--- Dataset content ---
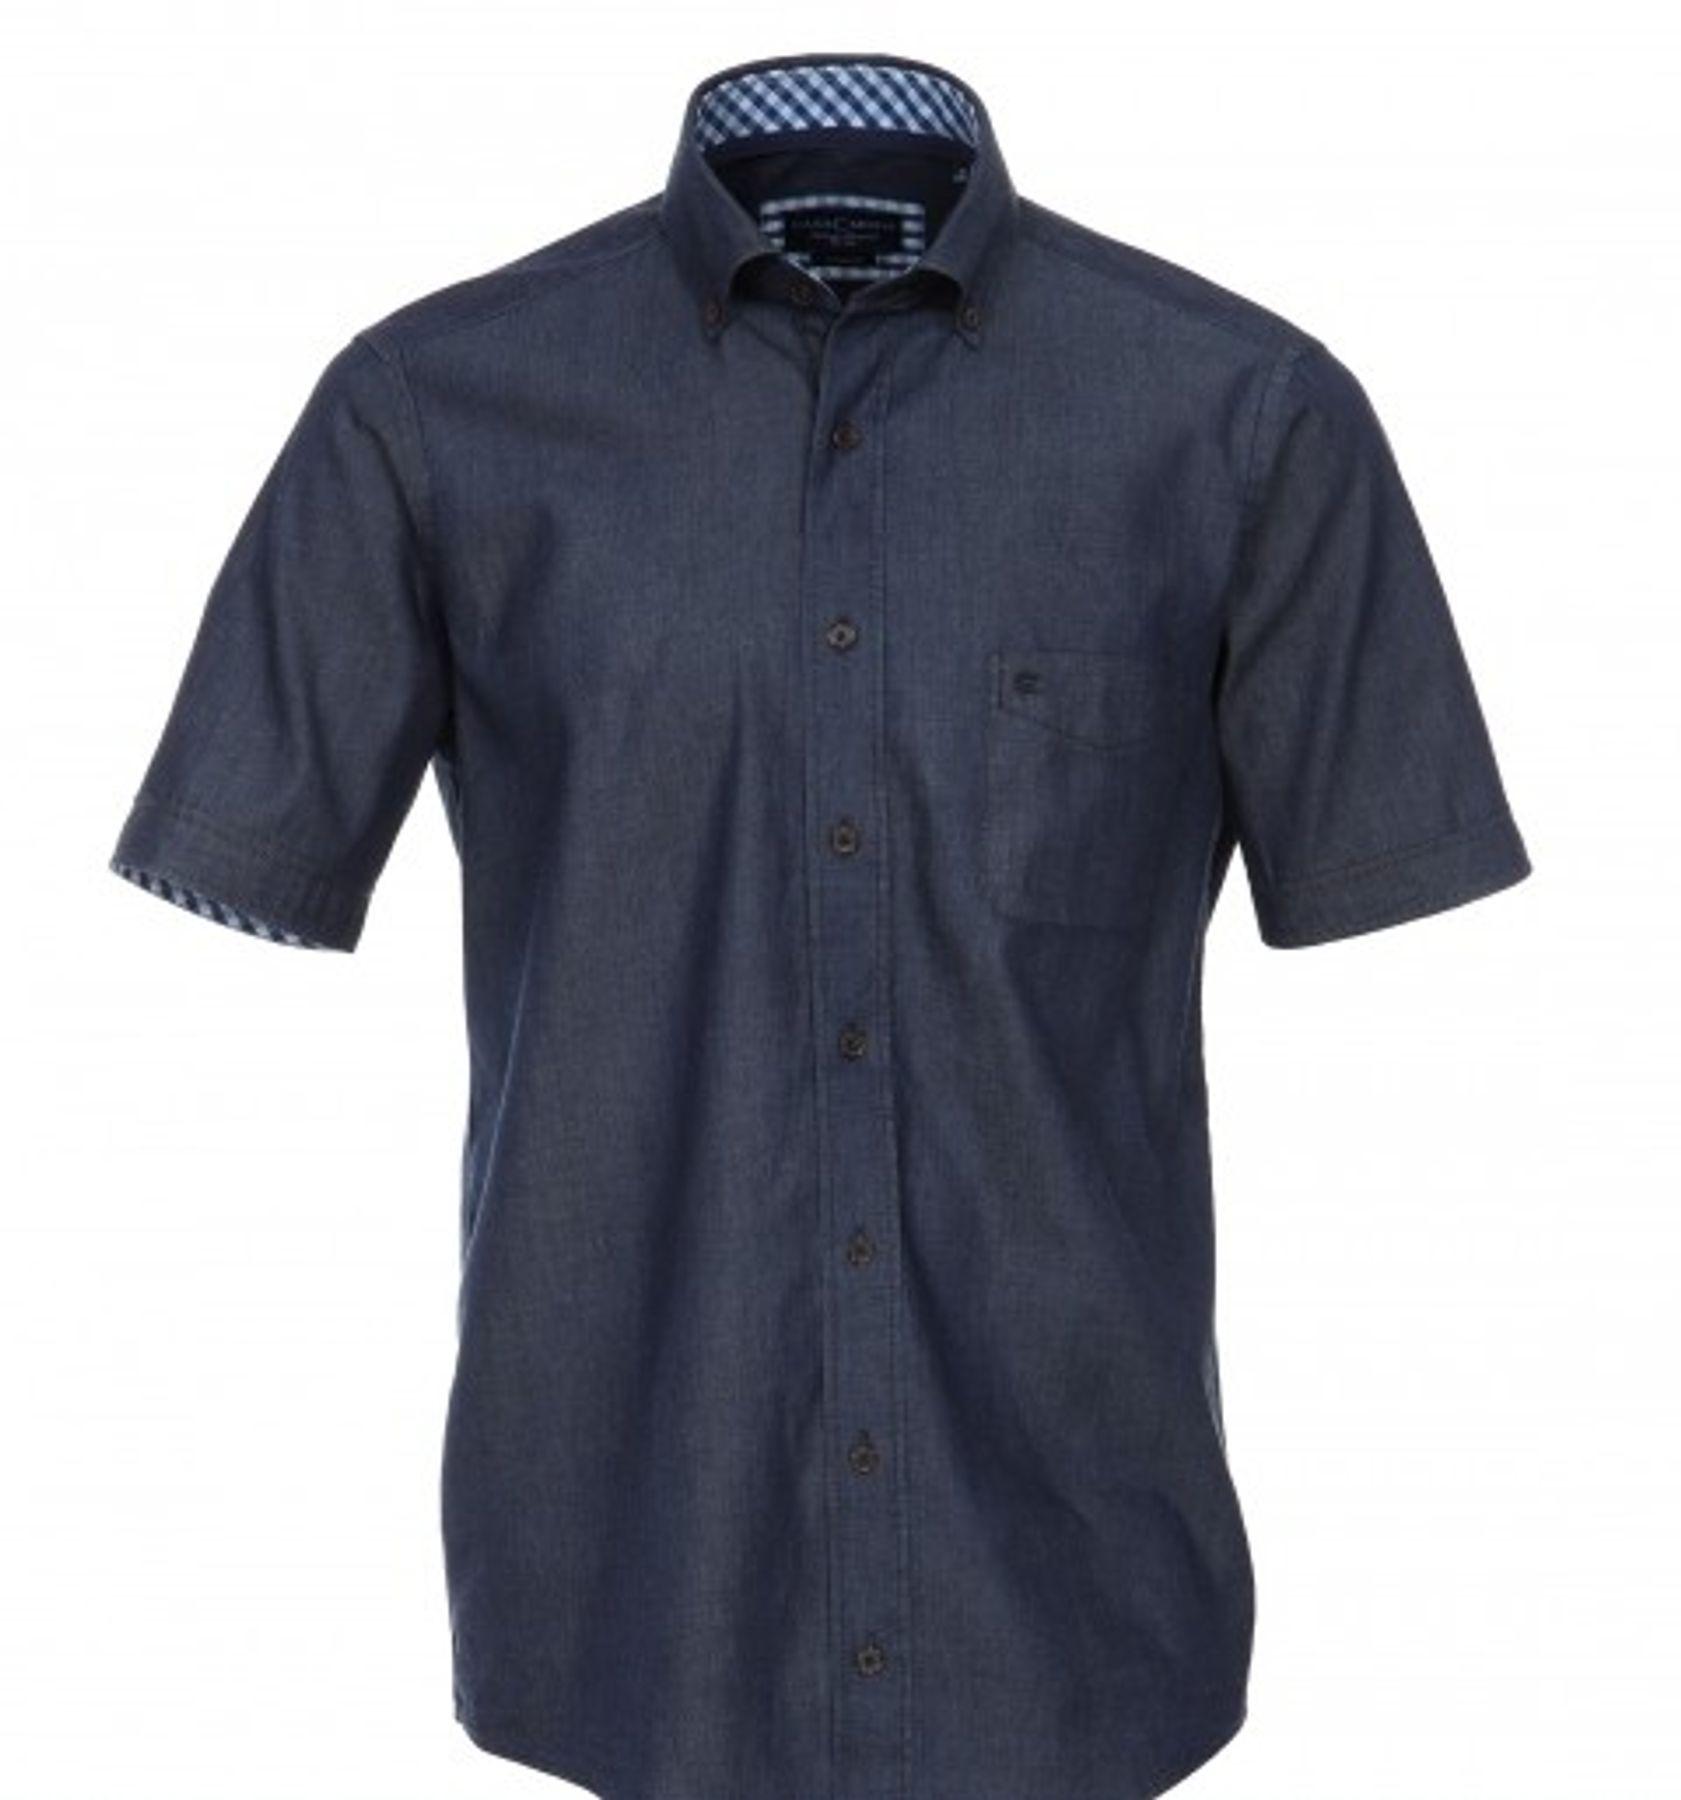 Casamoda - Casual Fit - Herren Jeans Hemd in Anthrazit oder Blau, Kurzarm (008303) – Bild 1
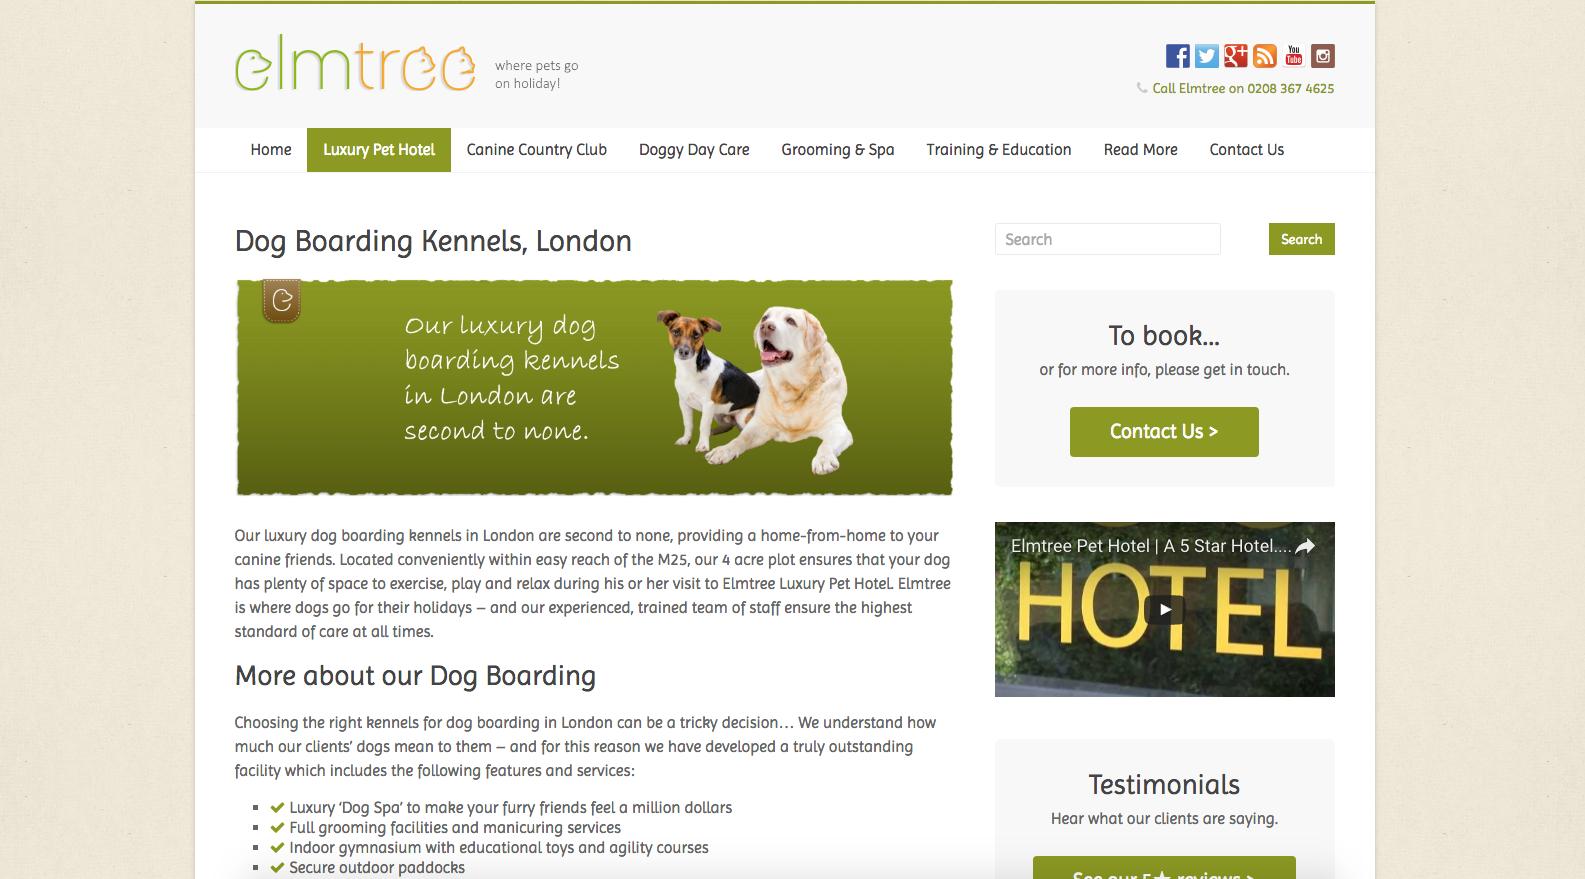 The New Elmtree Pet Hotel Website
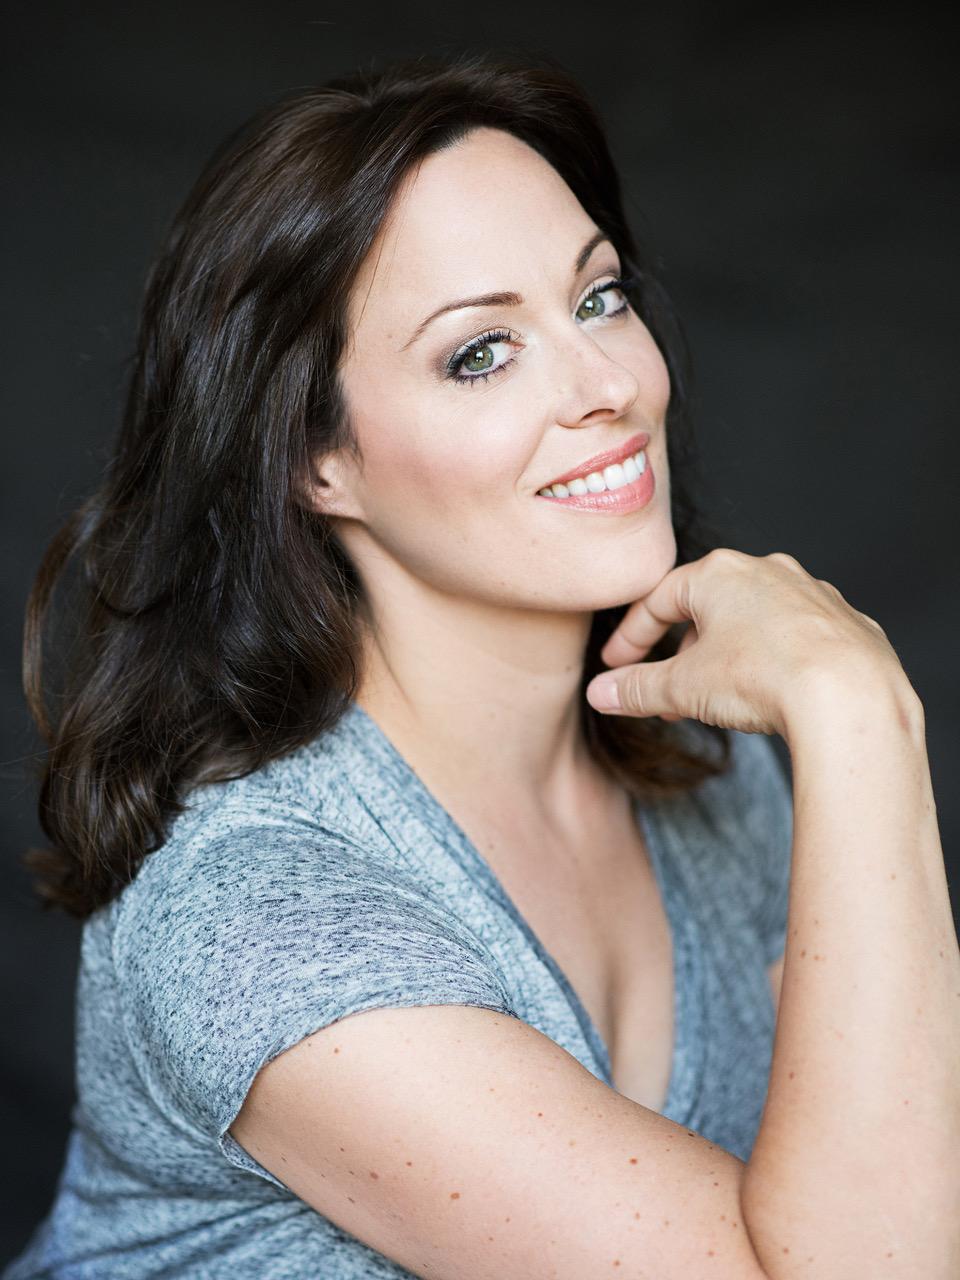 Sabrina Schimanszky
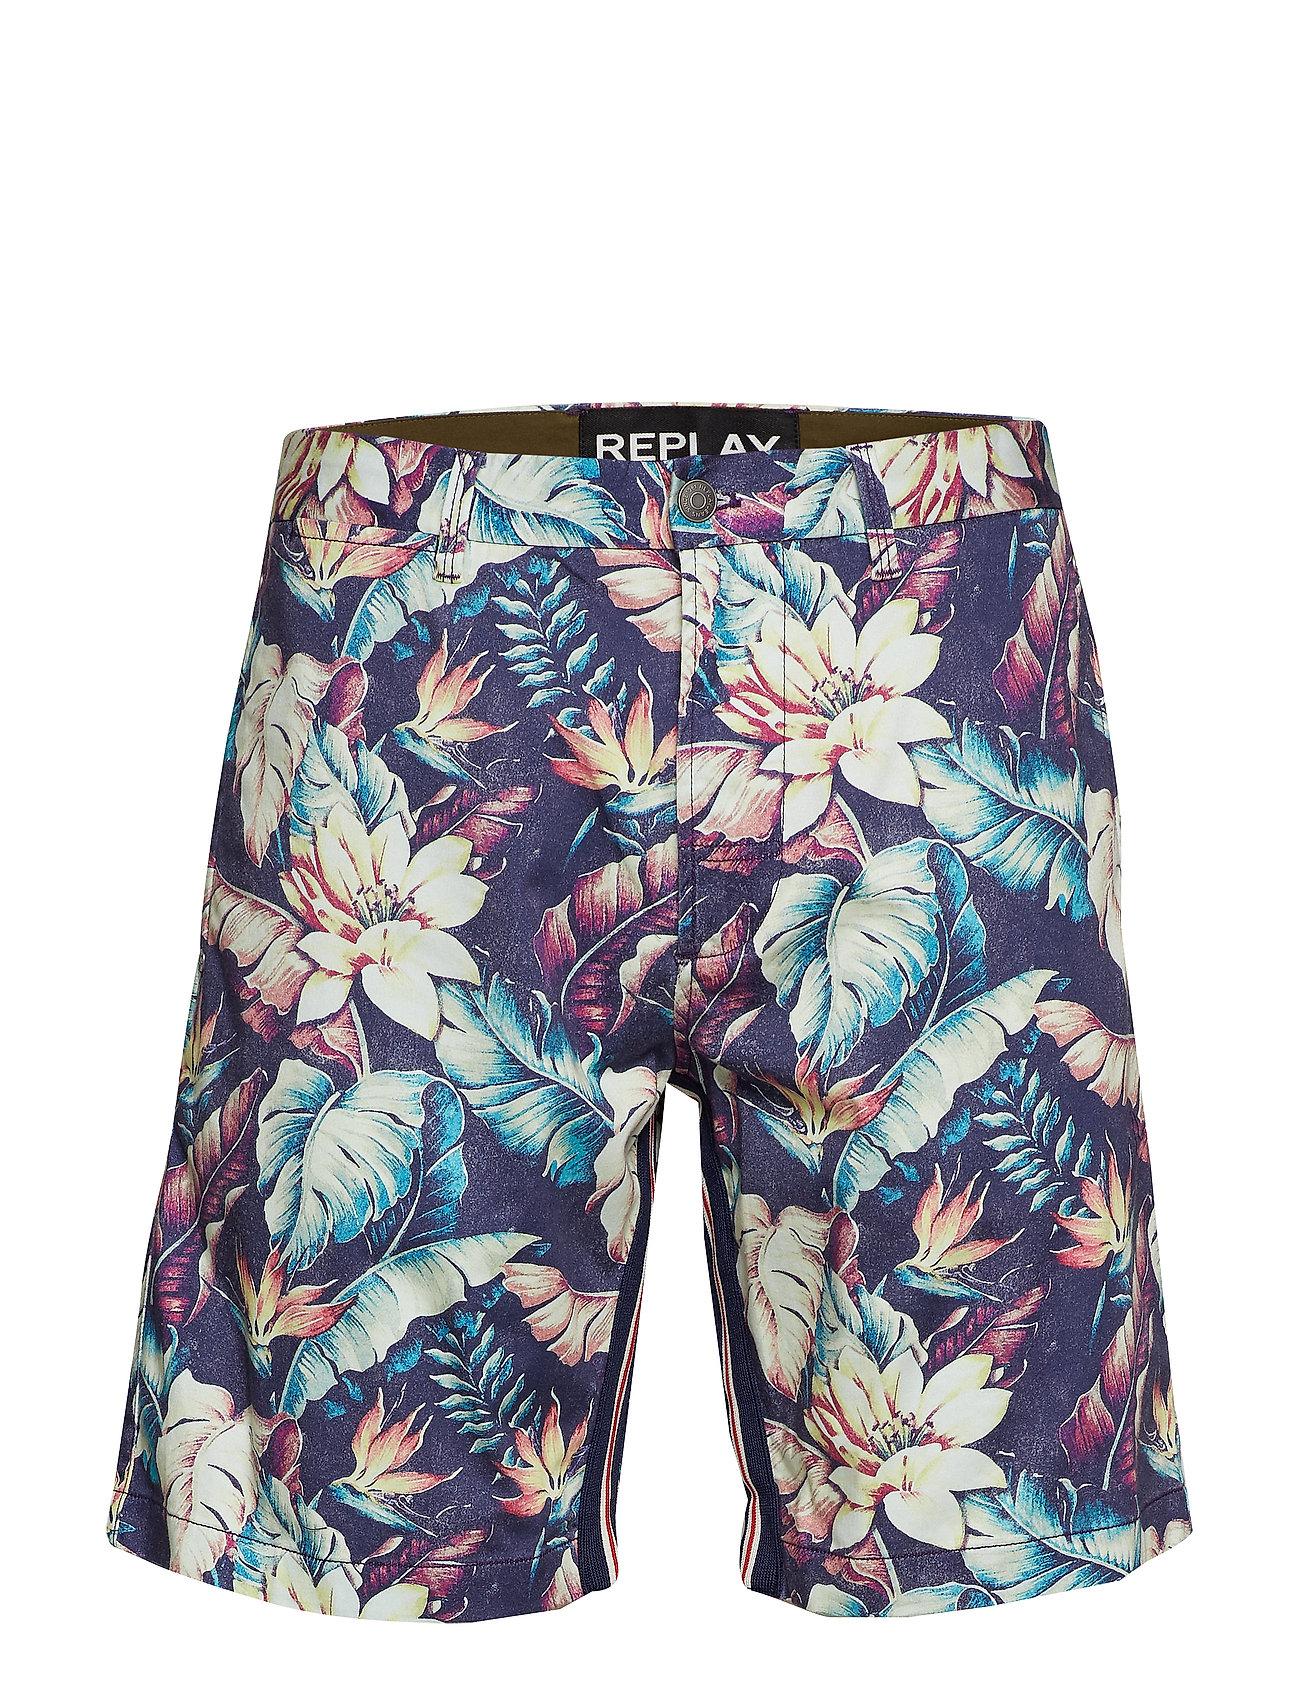 Replay Shorts - HIBISCUS PRINT

--- Problem to work on ---
Without the images, write out each line of the data verbatim.

--- Your response ---
 Casamoda - Casual Fit - Herren Jeans Hemd in Anthrazit oder Blau, Kurzarm (008303) – Bild 1
 The New Elmtree Pet Hotel Website
 Sabrina Schimanszky
 Replay Shorts - HIBISCUS PRINT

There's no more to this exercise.